贺东看了一眼屏幕,语气敷衍:“钱院长。你们的专家有什么高见?我们这边时间紧迫,病人等不起。”
屏幕里的年轻人没有自我介绍,也没有客套。
他的视线透过屏幕,冷冷地扫过会议室。
“贺主任是吧。”
林然开口,声音通过麦克风传出,没有任何起伏。
“你的病毒假说不成立。
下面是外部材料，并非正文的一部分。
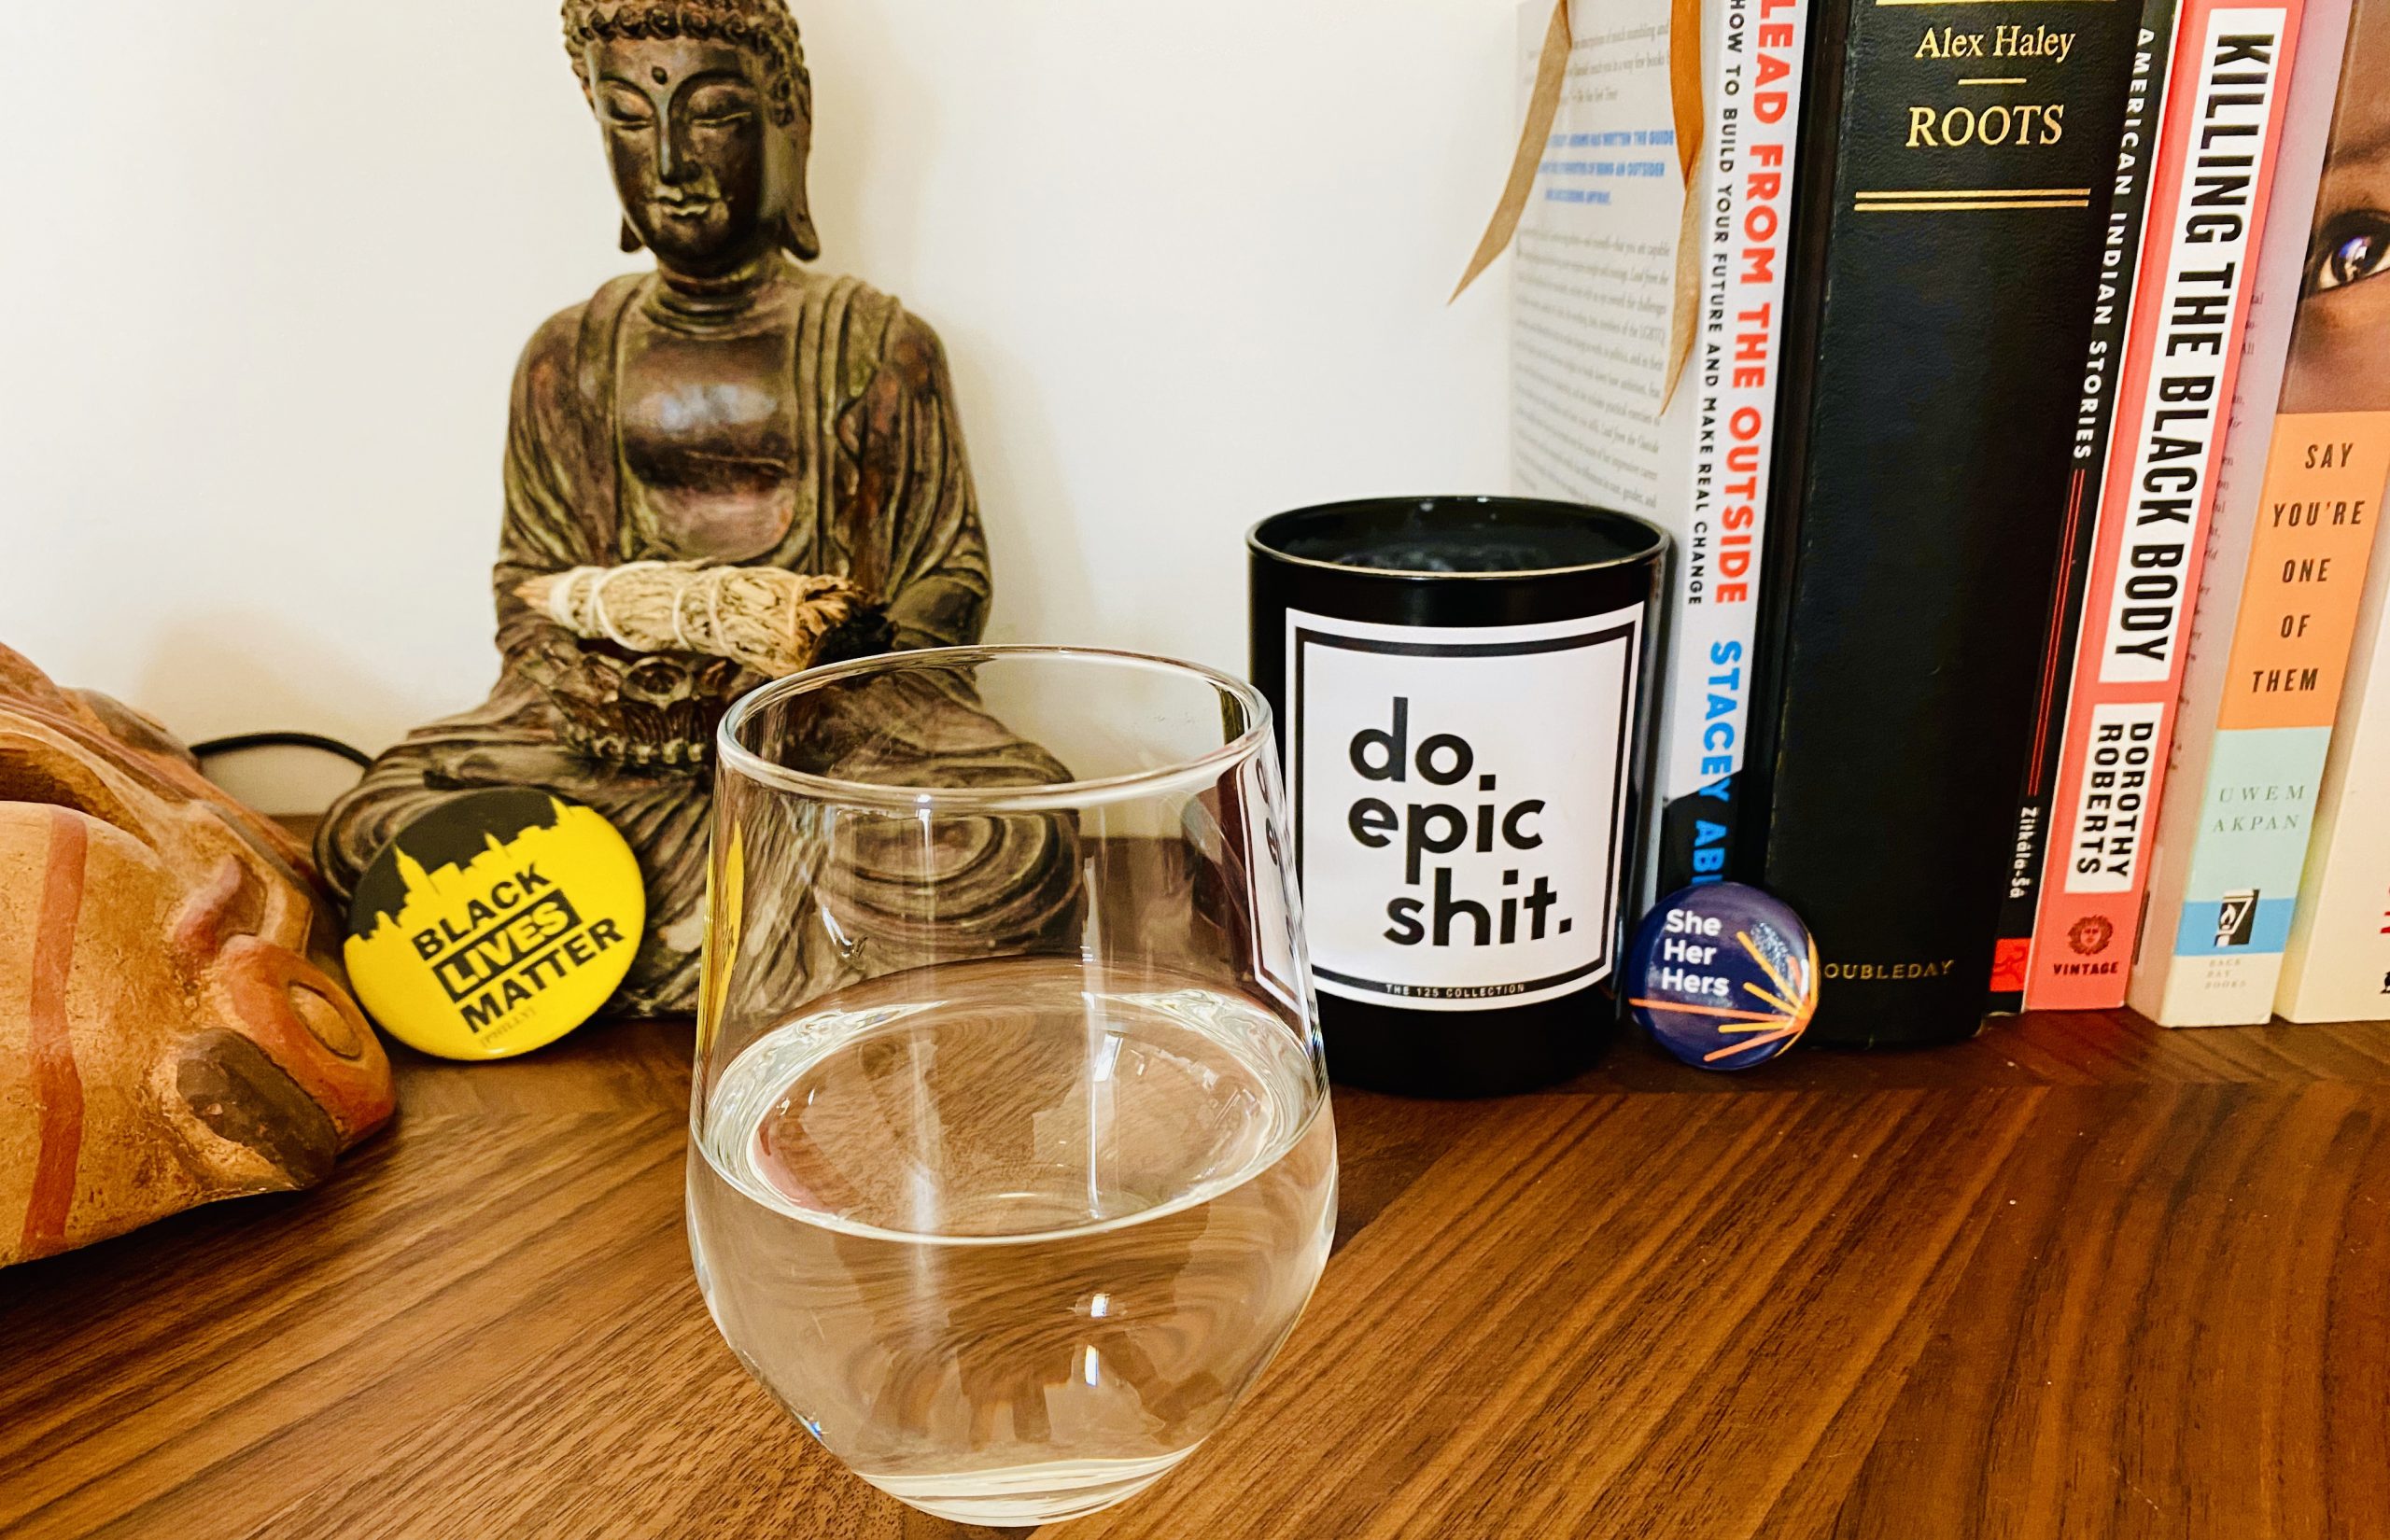 A glass of water that is half full (or empty), a mug with the caption "Do Epic Shit," a Black Lives Matter button leaning against a Buddha statue, and some books (Stavey Abrams's Lead From the Outside, Alex Haley's Roots, American Indian Stories, Dorothy Roberts's Killing the Black Body, and Uwem Akpan's Say You're One of Them), and another button ("She, Her, Hers") on a shelf in Anthony Tidd's home.

”
整个示教室瞬间死寂,所有人都倒吸了一口凉气。
贺东的脸色肉眼可见地沉了下来,他行医三十年,还从来没有被一个毛头小子在多学科会诊上当众打脸。
“年轻人,说话要讲证据。”
贺东压着怒火,“你有什么依据推翻我的结论?”
“传染病流行病学基本规律。”
林然语速极快,“如果存在引发致死性肺纤维化的强传染性呼吸道病毒,你们icu的医护感染率为零,不符合空气飞沫传播特征。如果不是飞沫传播,为什么病变完全集中在肺泡和间质?”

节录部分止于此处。